Honestly, why should anyone here care that the VC has to pay rent or salary expenses? Are they eating ramen or living in the office?
As a founder, I'm delighted the AirBNB guys are charging for admission to their equity sale. Call the payout back wages paid at market rates and call it a day. And if investors are reacting in shock to the sticker price they can get out of the showroom. Sorry you won't be joining us - perhaps there is a cheaper model you can lease somewhere else?
Early-stage investors aim for a 10x return on capital, yet AirBNB has consistently delivered 15-20x compound annual growth. That makes ten million per founder significantly less than their first few months of foregone salary if you compound the investment at the same rates investors are getting.
This guy is getting skittish that 1/100th of the valuation of the company is going in a payout to the founders? That's only 100k over a 10 million round. Seems pretty conservative to me.
Yes, it does look a lot better based solely on made-up numbers. Back in the real world, there's a 120 million dollar "investment" of which 1/6 is actually a no-strings-attached gift of cash money. That's an atrociously bad deal for the investor, and it's totally sensible to balk.
If the deal doesn't make sense, it doesn't make sense because the company is overvalued. But for a VC to agree that a company is worth X and then complain when 2% of that is used to de-risk founders is hypocrisy: the payout constitutes a smaller percentage of deal value than the VCs charge for allocating capital.
Any VC that finds these compensation figures absurd should have balked at the proposed valuation LONG before this point. This is in principle no different than de-risking founders 100k each out of a round valuing their company at over 10 million.
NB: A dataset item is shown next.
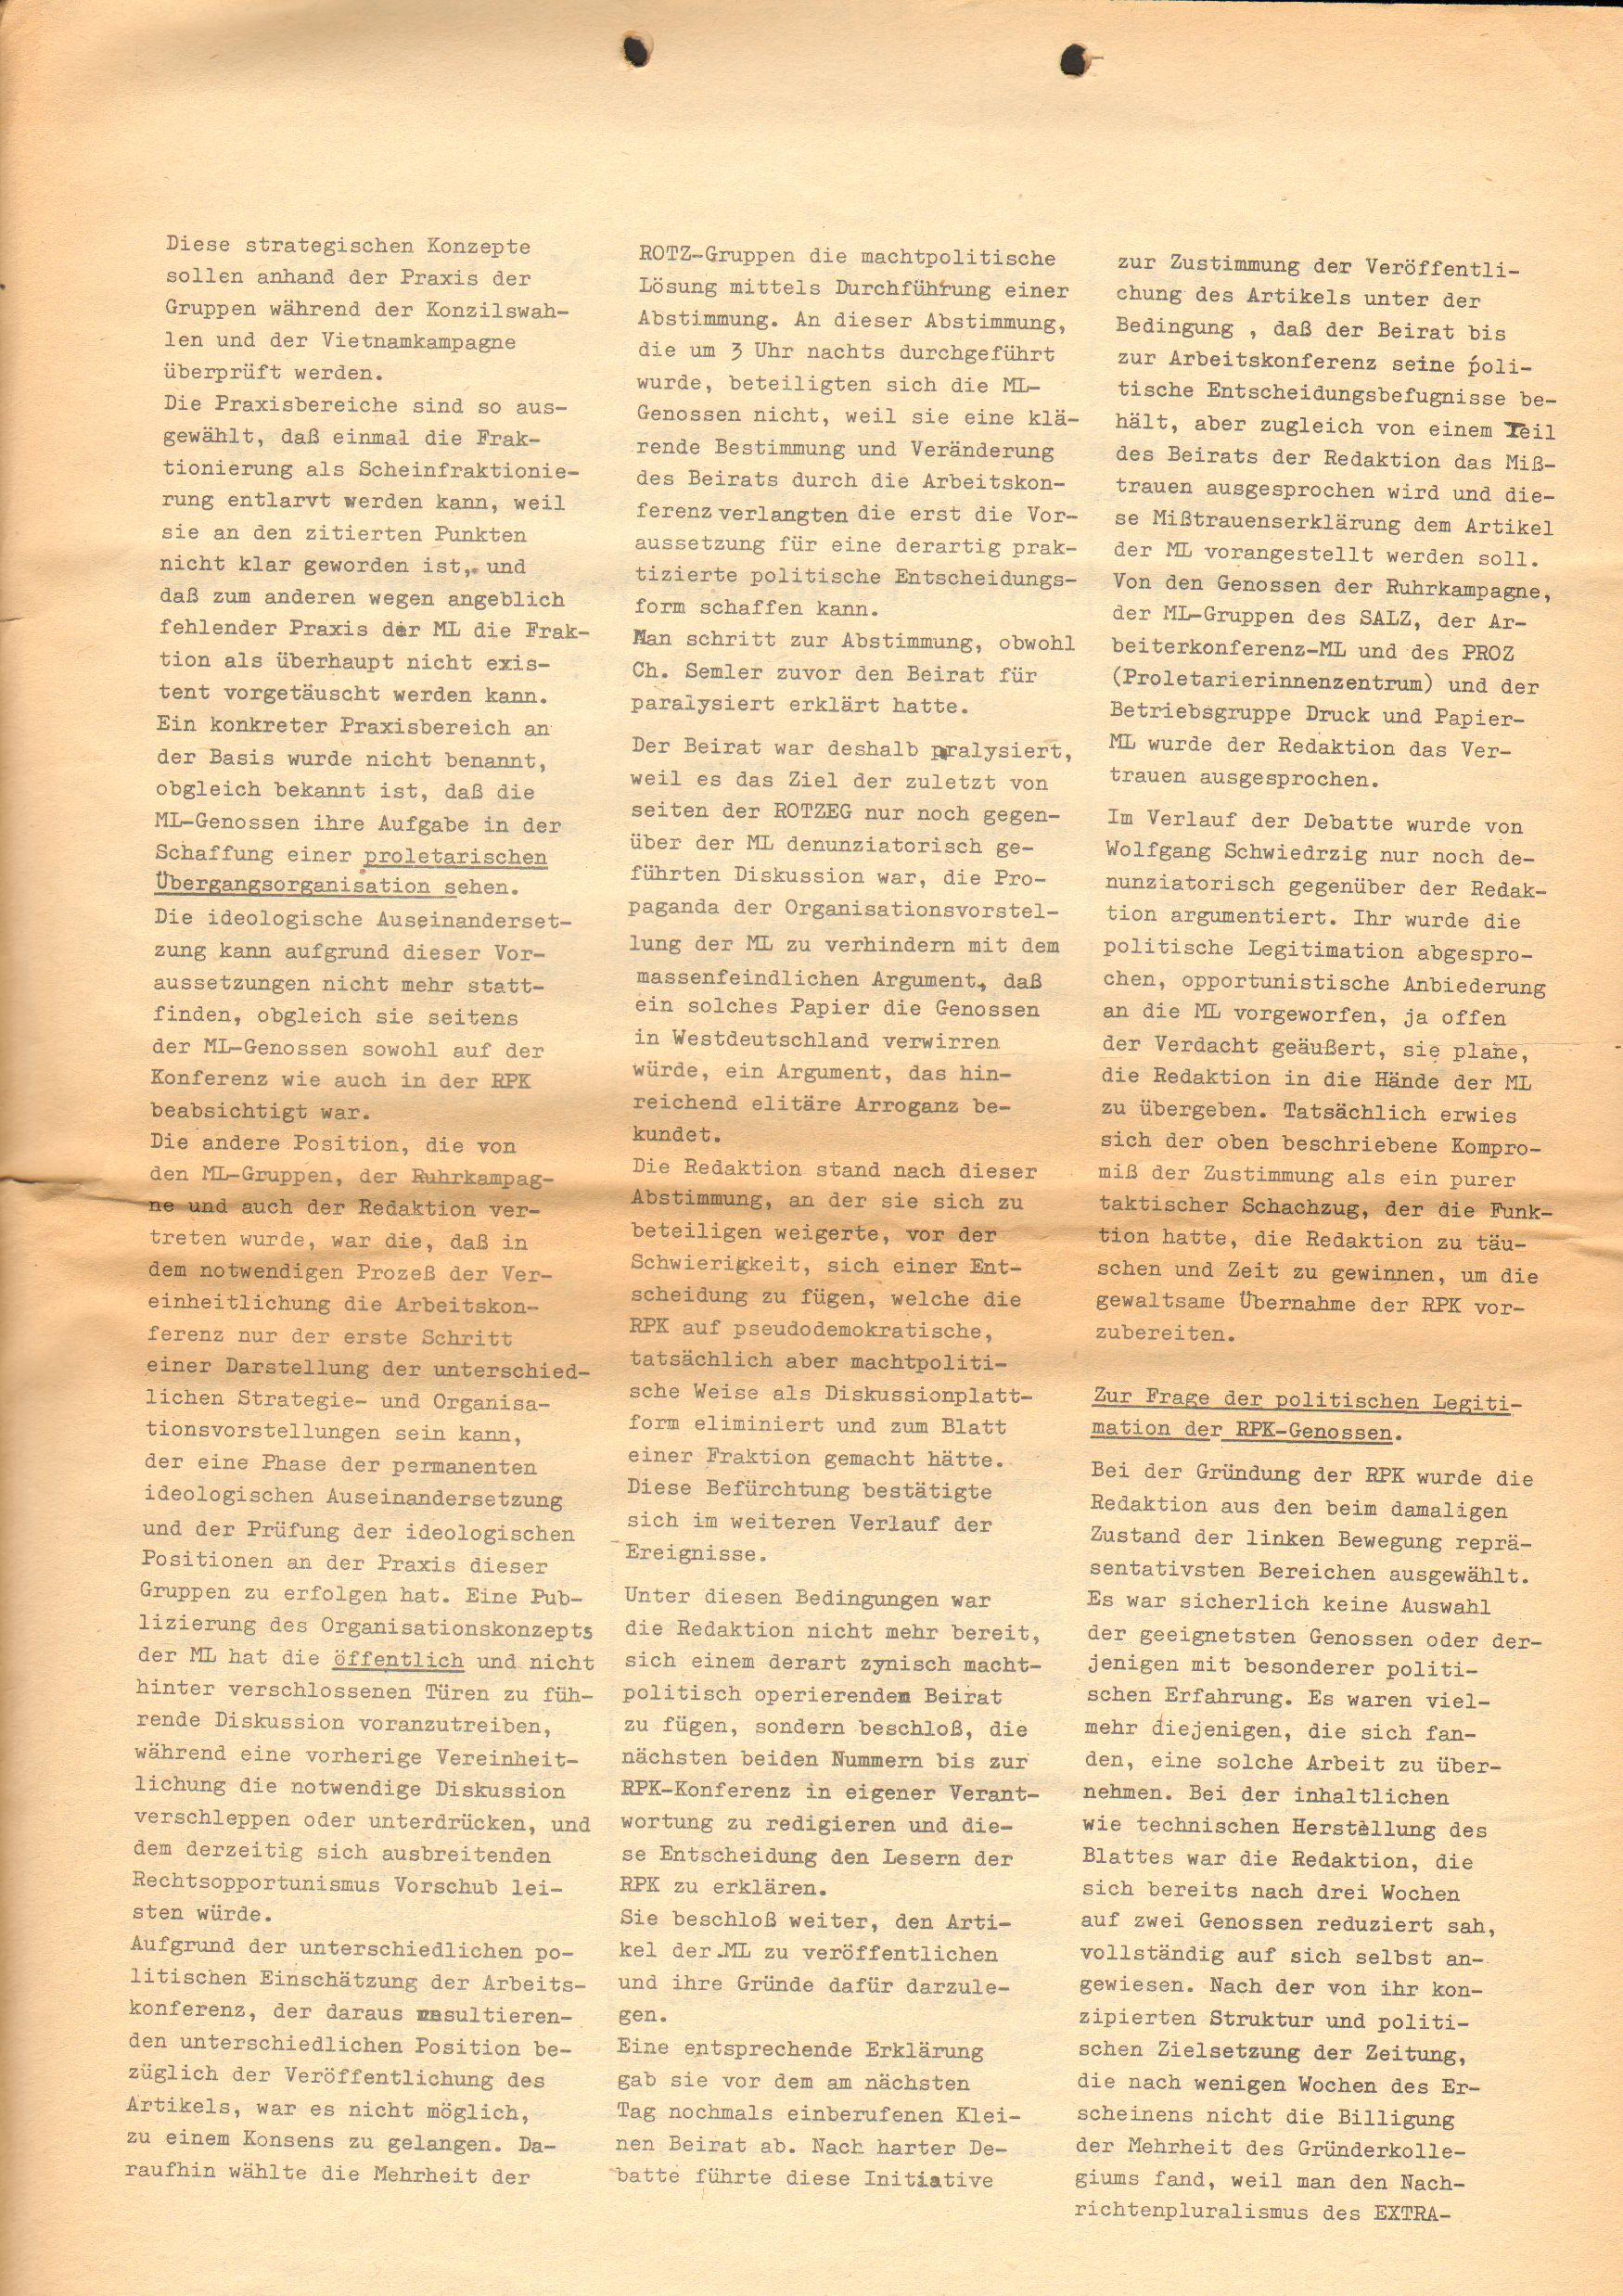 MLWestberlin_1969_Kampf_zweier_Linien_02

VC's take 2% of invested funds as a fee. The Airbnb founders are apparently taking 1/6 of invested funds as a "one-time dividend". You're not comparing like with like. VC management fees end up being less than 2% of the valuation of the VC portfolio assuming the portfolio earns any money at all.
The point of investment is that the money is supposed to allow the company to grow. When 1/6 of that investment isn't even invested in the company, but rather given as a no-strings gift, it's not an investment anymore.
As a founder, I'm delighted the AirBNB guys are charging for admission to their equity sale. Call the payout back wages paid at market rates and call it a day. And if investors are reacting in shock to the sticker price they can get out of the showroom. Sorry you won't be joining us - perhaps there is a cheaper model you can lease somewhere else?